SONY'S BLOCKBUSTER SEQUEL
So you have yourself a nice thriller set up, with Wolfgang Petersen directing hot off Air Force One and no less than Mel Gibson in the starring role, when--oops!--Mel decides he'd rather go elsewhere to do a pet project called Parker and then cash in on a ton of money by making Lethal Weapon IV for Warner.
Thus John Calley, the chairman of Sony Pictures Entertainment, lost the opportunity to trumpet a major project in the works. Such are the caprices of show biz. But for Calley the collapse of the deal is particularly irksome, since Hollywood is clamoring for action from him as he marks his first year on the job.
All this impatience strikes Calley and colleagues as hardly fair. Once pathetic Sony Pictures is flush these days, having just become one of only two studios ever to gross $1 billion in a year (Disney has done it three times). Even without a cartoon lion, Sony reached that nice, round number in record time (Aug. 31, beating Disney's best date--Nov. 23--by a stretch). And Sony expects to surpass the industry record of $1.22 billion, if it can scrape up the remainder on films such as Paul Verhoeven's sci-fi thriller Starship Troopers (a picture it's splitting with Disney), and As Good As It Gets, from Terms of Endearment director James L. Brooks.
Sony Pictures has become a cornucopia of hits: Jerry Maguire, Anaconda, My Best Friend's Wedding, Air Force One (another split with Disney) and the summer's box-office champ, Men in Black, which has grossed $243 million in the U.S. alone. Funny thing is, these hits were put together by guys who got fired a year ago, after the studio suffered through more than five money-losing years that bottomed out with Sony Corp. taking a $3.2 billion write-off--essentially admitting its investment had been worthless. Despite having ably handled the flock of pictures he inherited, Calley has yet to shepherd a film of his own devising from script to screen.
All this puts Sony Pictures in the ambiguous position of being simultaneously red-hot and not exactly. After the studio releases Zorro and Godzilla next summer, it's not clear what major projects it will have on its menu. In an industry that retains heat about as well as plastic, the cry is predictable: Show us the movies!
The anomaly raises questions in the minds of agents and their star clients, and even on Wall Street, about Tokyo's long-term plans.

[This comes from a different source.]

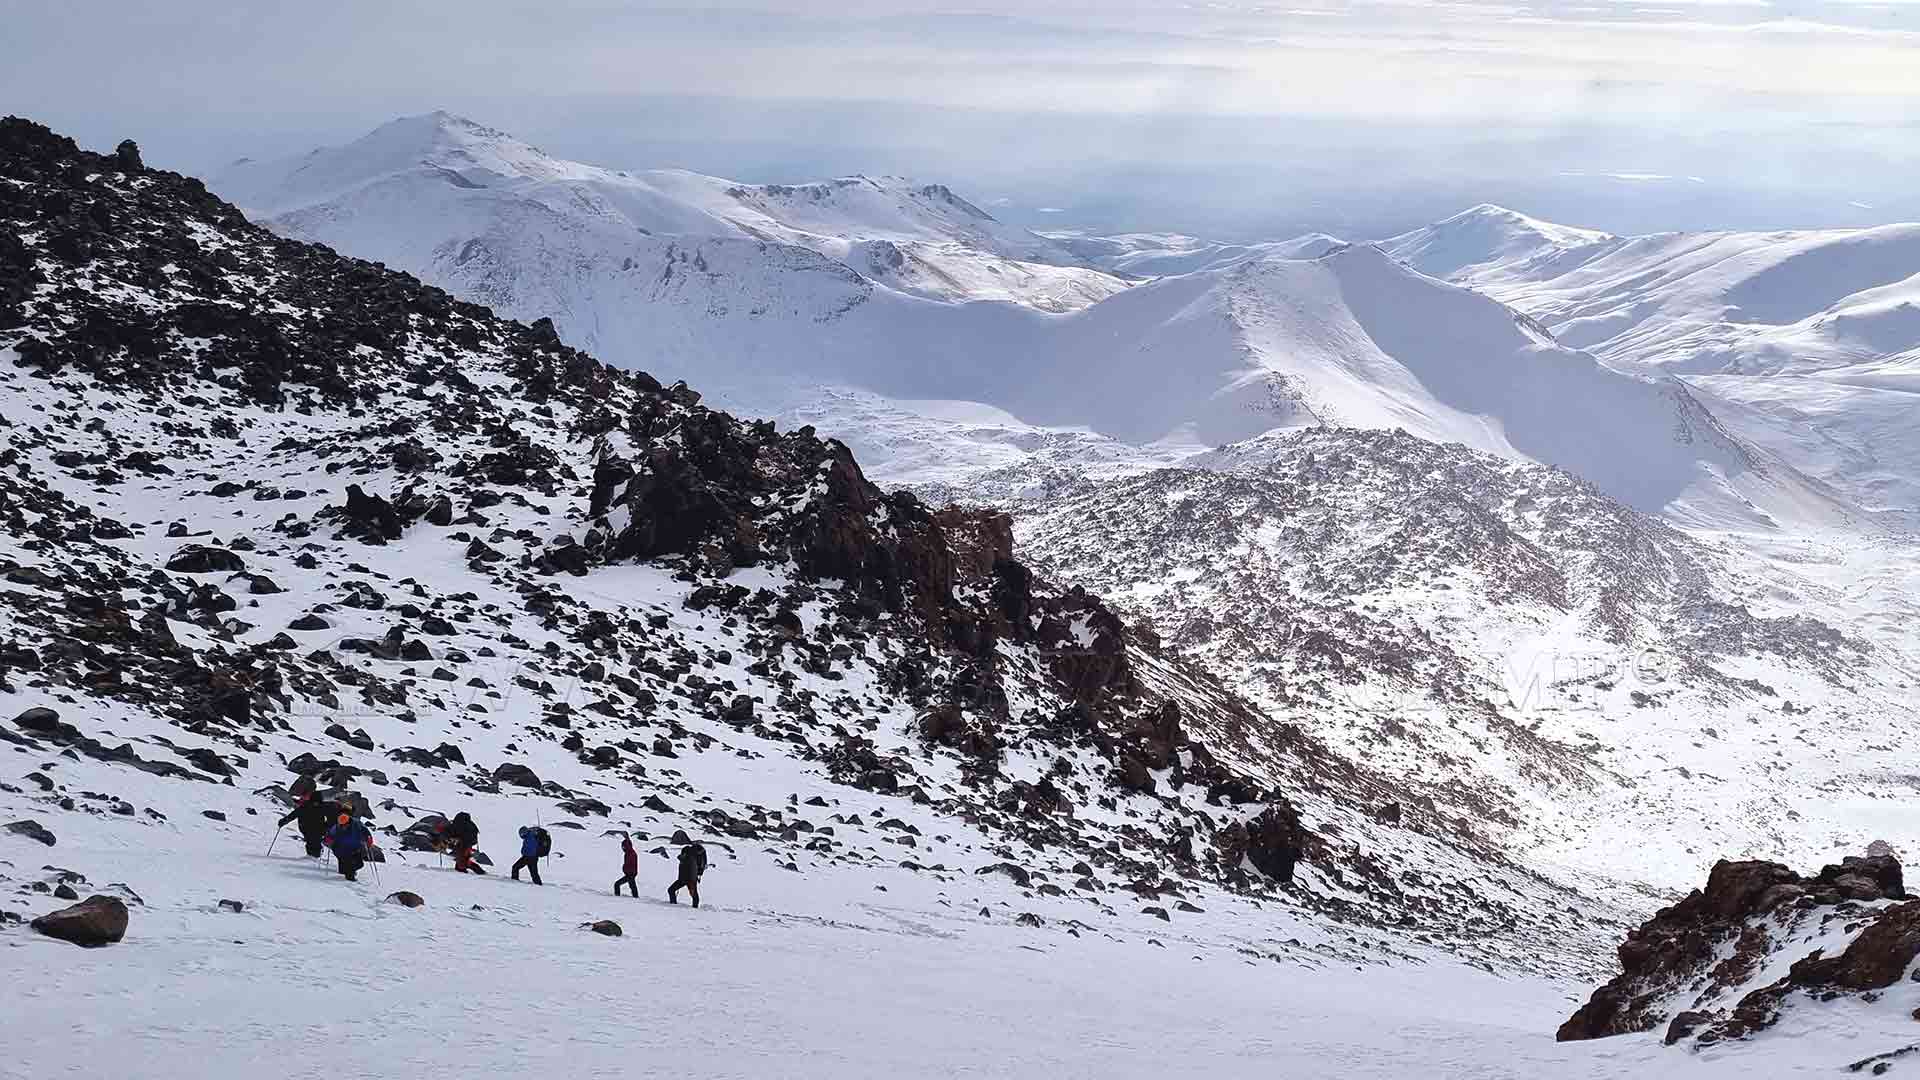 Climbing Mount Damavand in deep snow

With revenues pouring in, Sony doesn't appear to be spending that much. Is the strategy to crank up some dazzling results and then snag a buyer? Is Calley just a caretaker? This is his second turn at the helm of a Hollywood studio; he headed Warner Brothers from 1967 to 1980. An engagingly candid, out-of-the-box thinker, Calley, 67, is nevertheless running a business that has changed drastically. Some in the industry wonder whether he has the will or the wile to stay in for the long haul.